| Your assignment |
Your response to the data below should hold nothing except the lines from the one containing "Under Armour Freedom" down to the one containing "Stock images of", reproduced exactly and without pictures.

| Stored data |
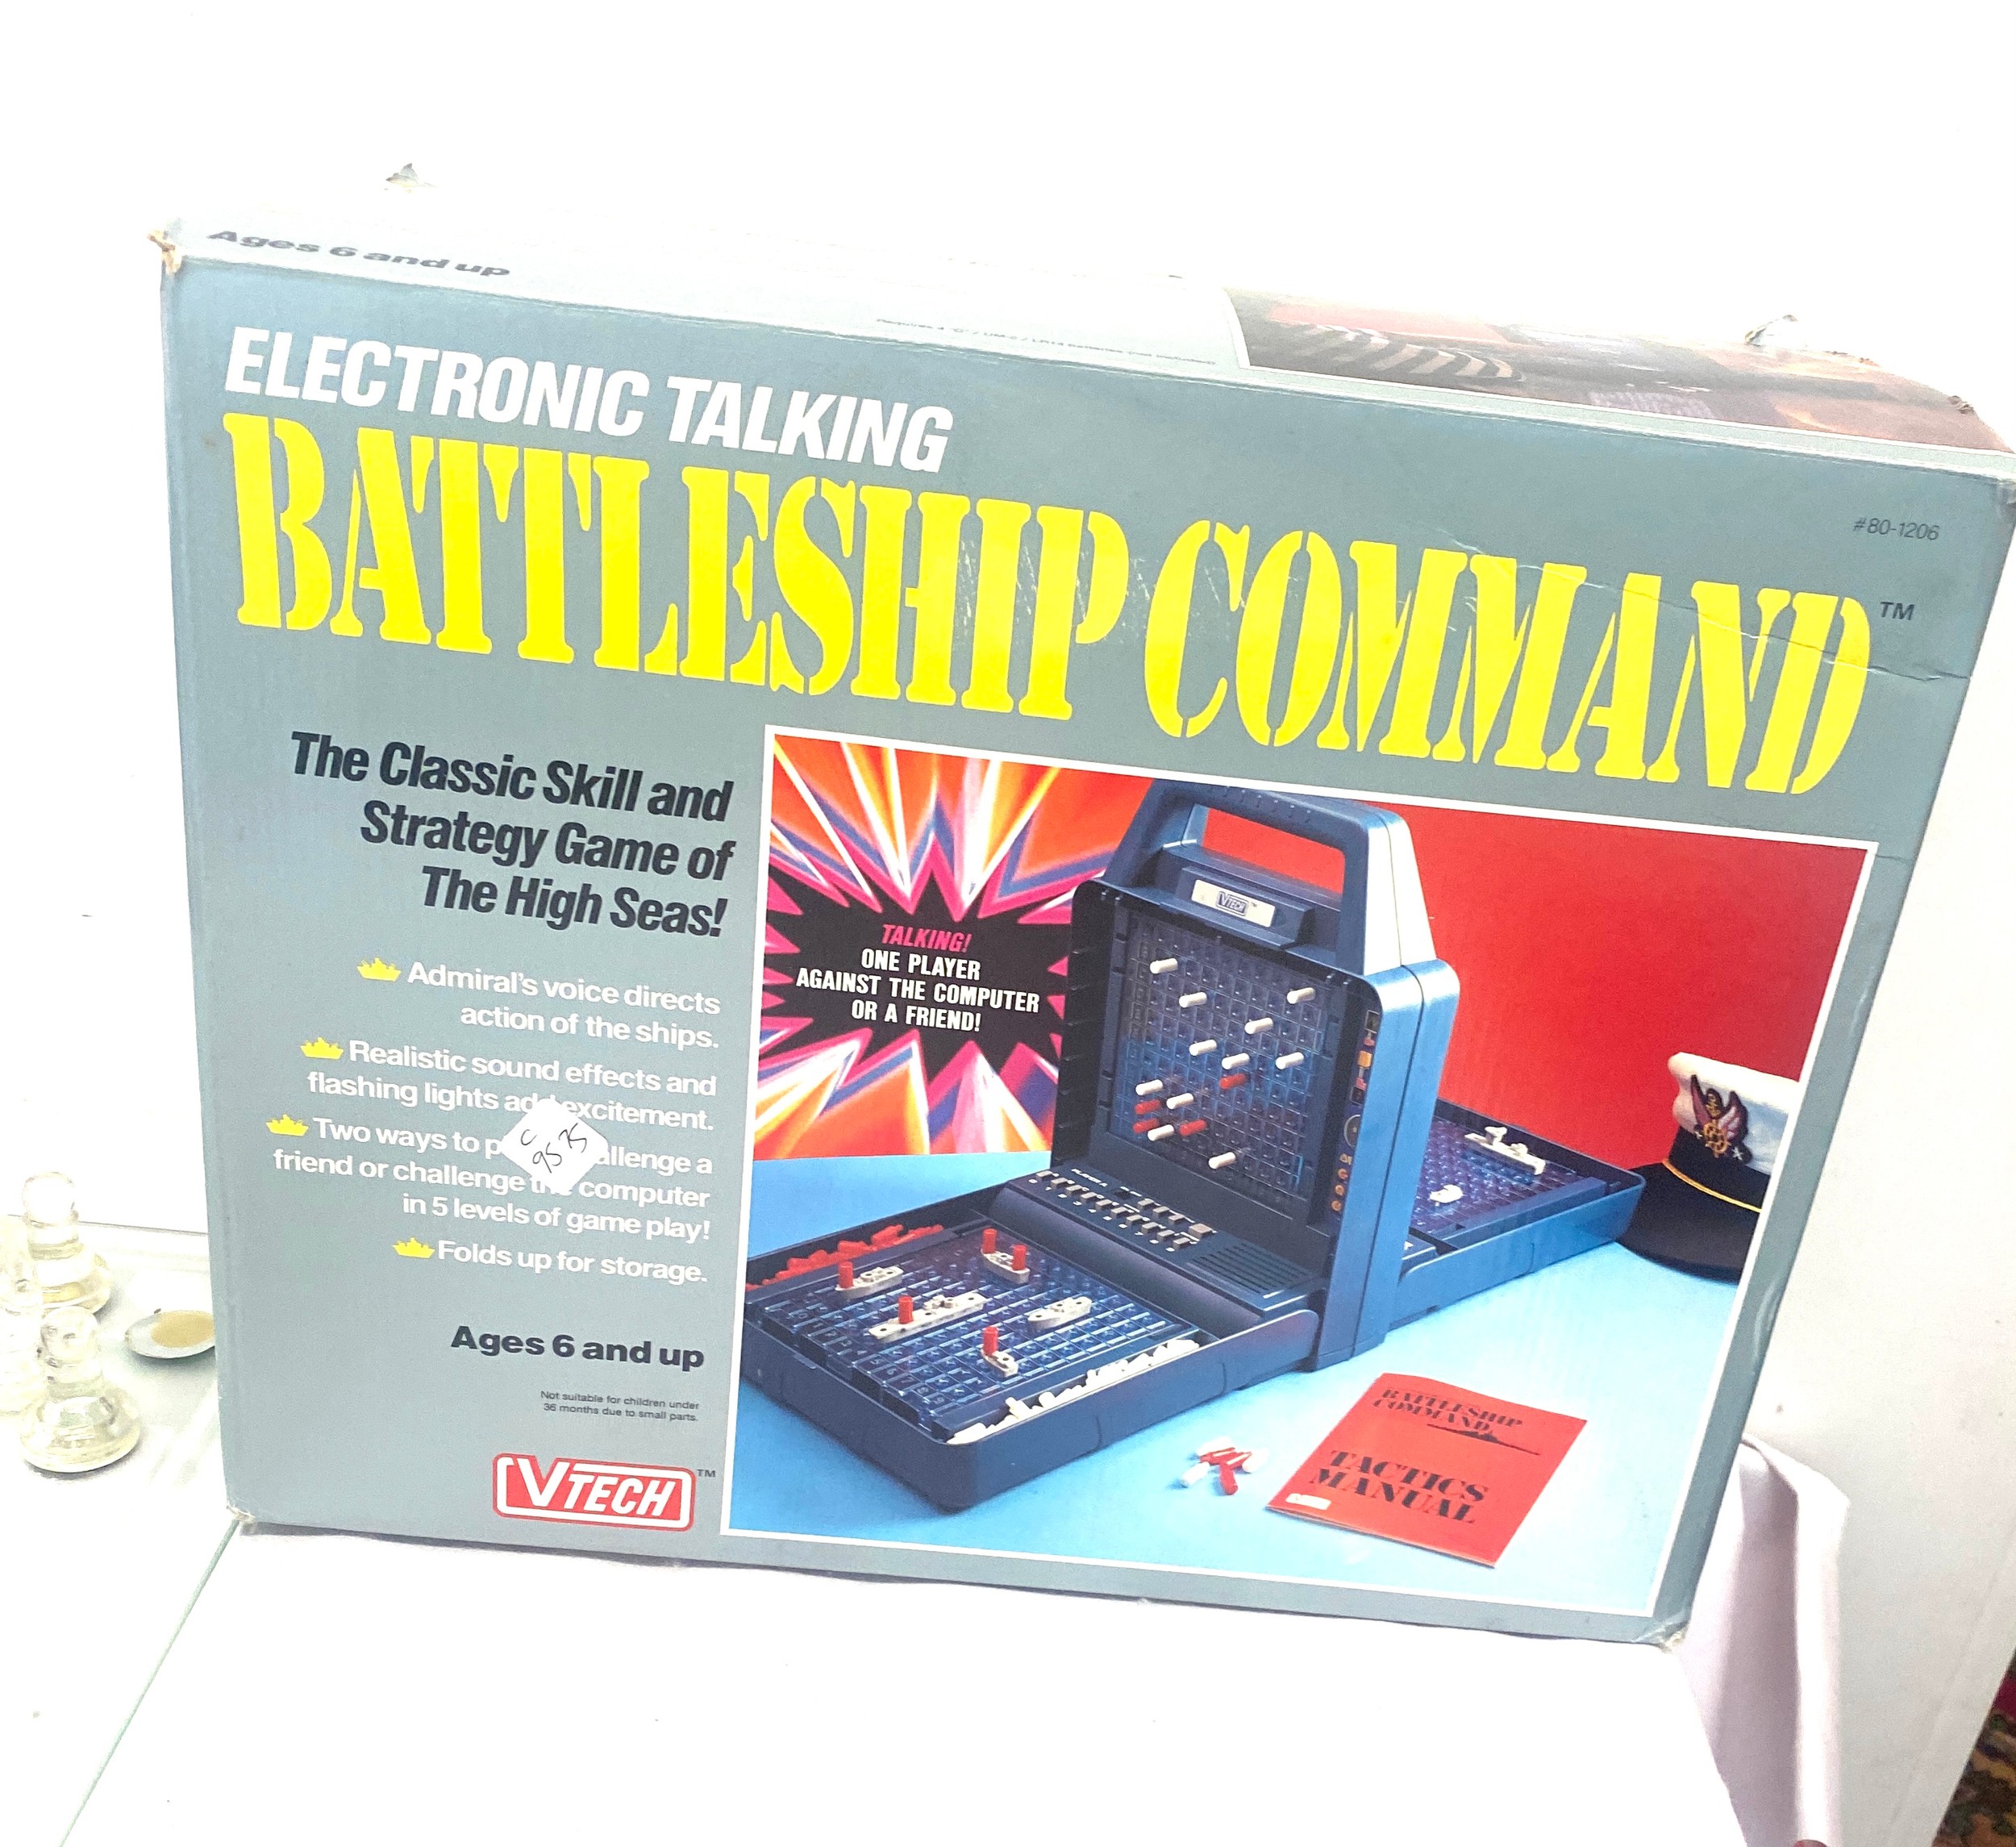 VTech Battleship Command - Electronic Talking Vintage/Retro 1990 Game and complete glass chest board - Image 3 of 5
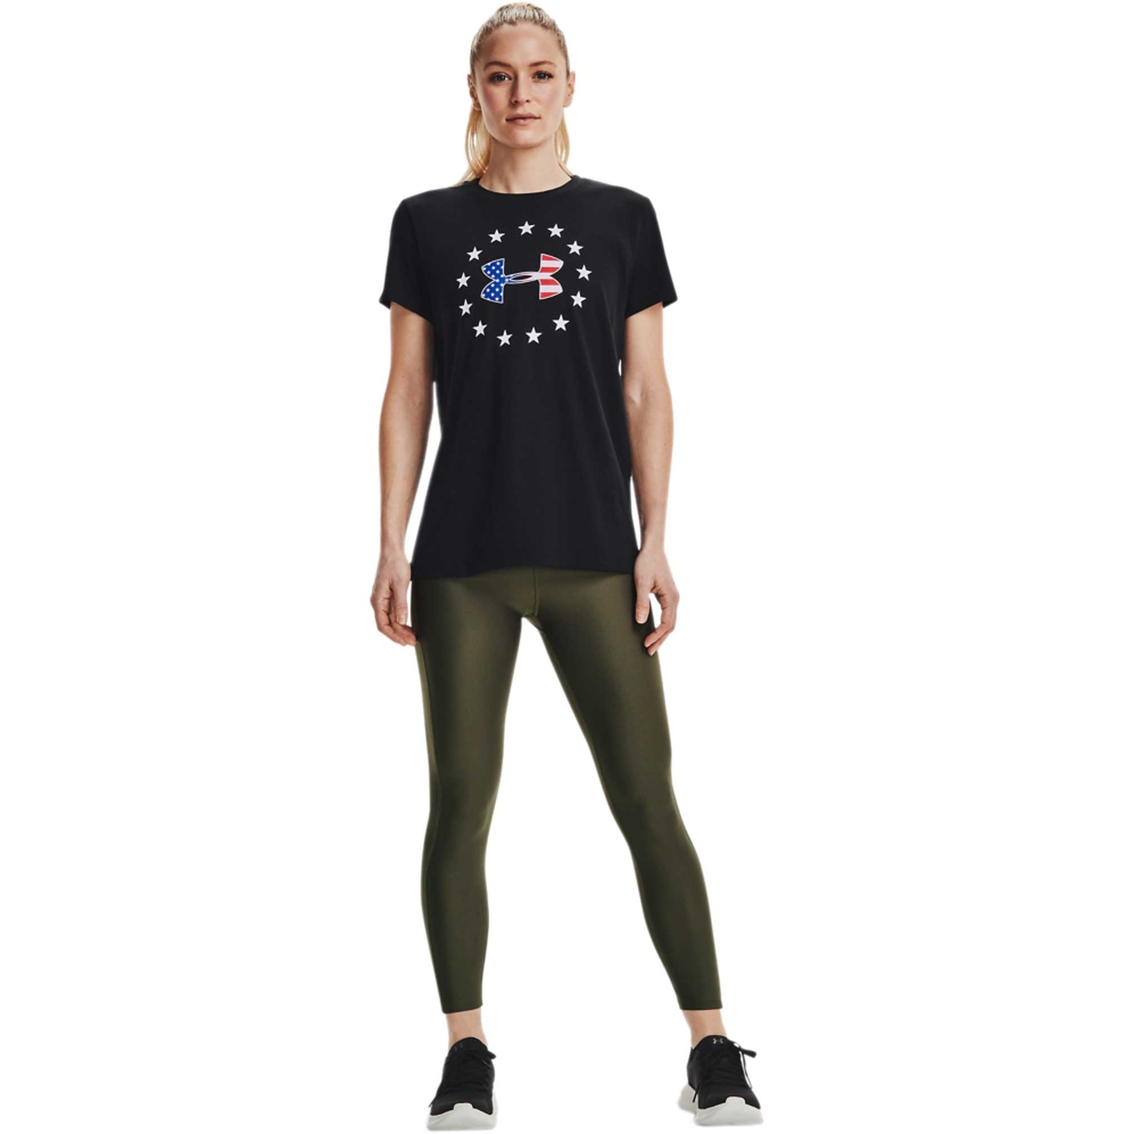 Under Armour Freedom Flag T Shirt - Image 3 of 6
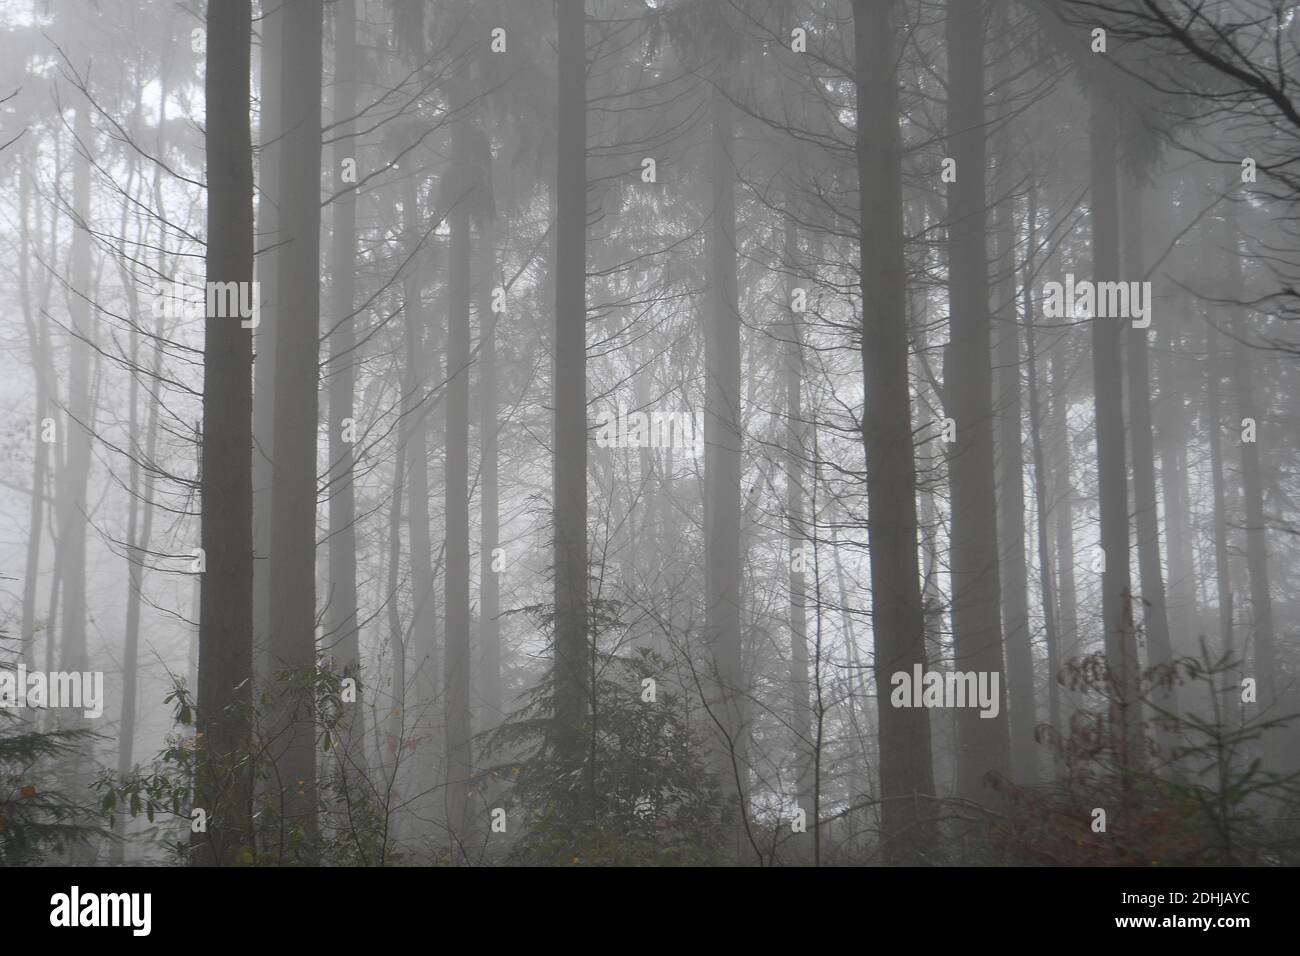 Stock images of fog in woodland - North Downs near West Horsley, Surrey.- Dick Focks Common - Forestry Commission.     Picture shows fog, trees, mist across this picturesque area of Surrey.  Picture taken 7th December 2020 Stock Photo
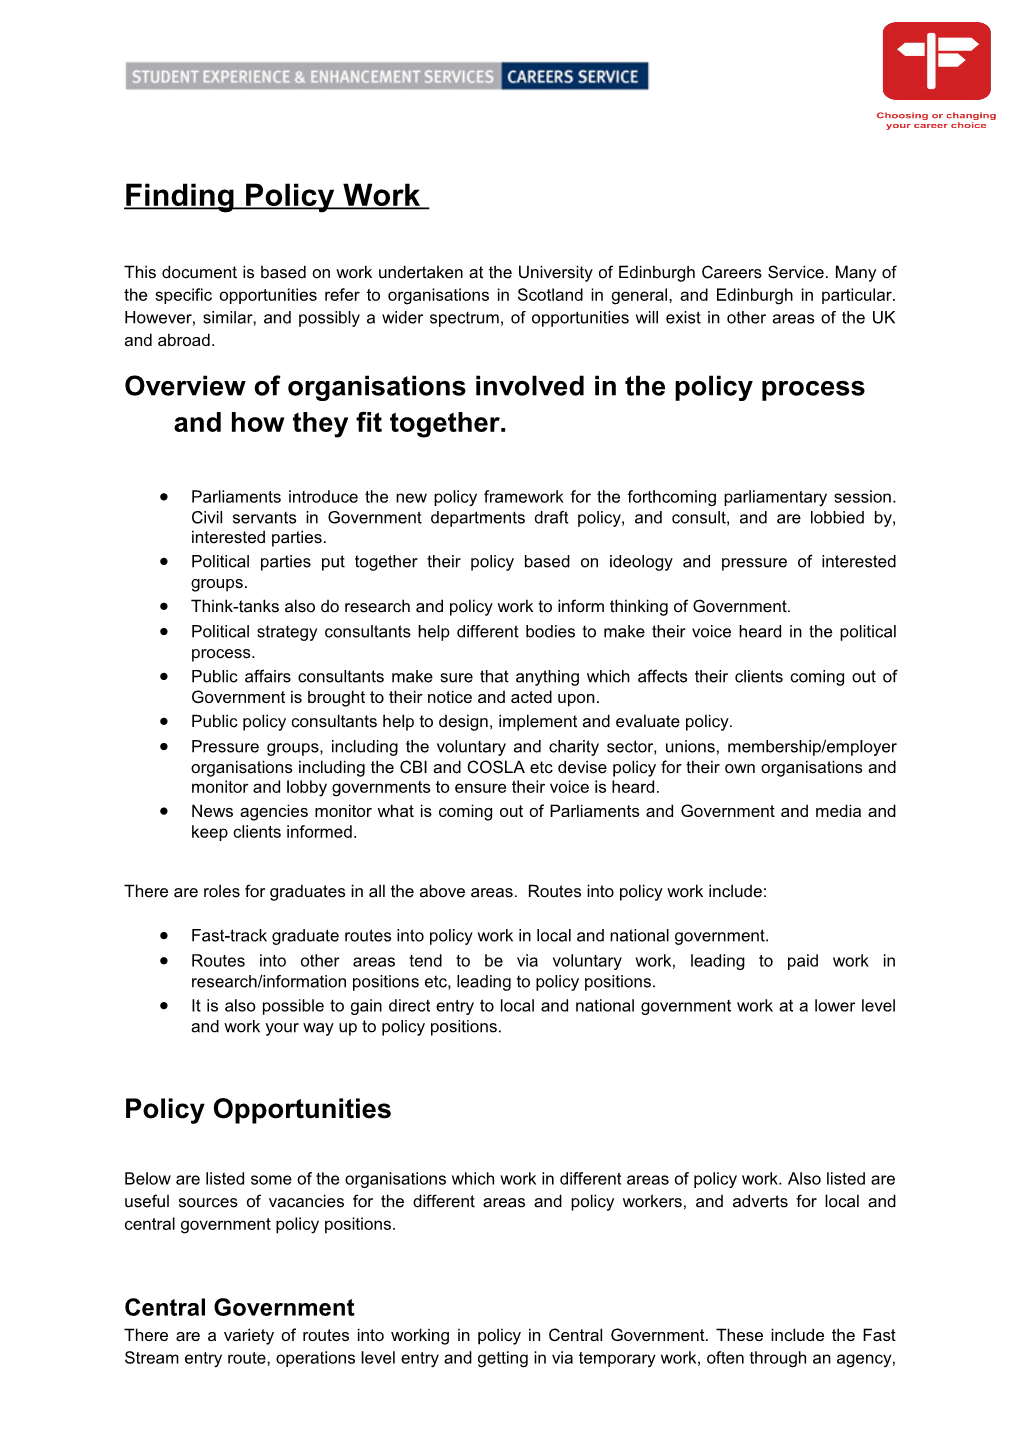 Overview of Organisations Involved in the Policy Process and How They Fit Together

| Solved exercise |
 Under Armour Freedom Flag T Shirt - Image 3 of 6
 Stock images of fog in woodland - North Downs near West Horsley, Surrey.- Dick Focks Common - Forestry Commission.     Picture shows fog, trees, mist across this picturesque area of Surrey.  Picture taken 7th December 2020 Stock Photo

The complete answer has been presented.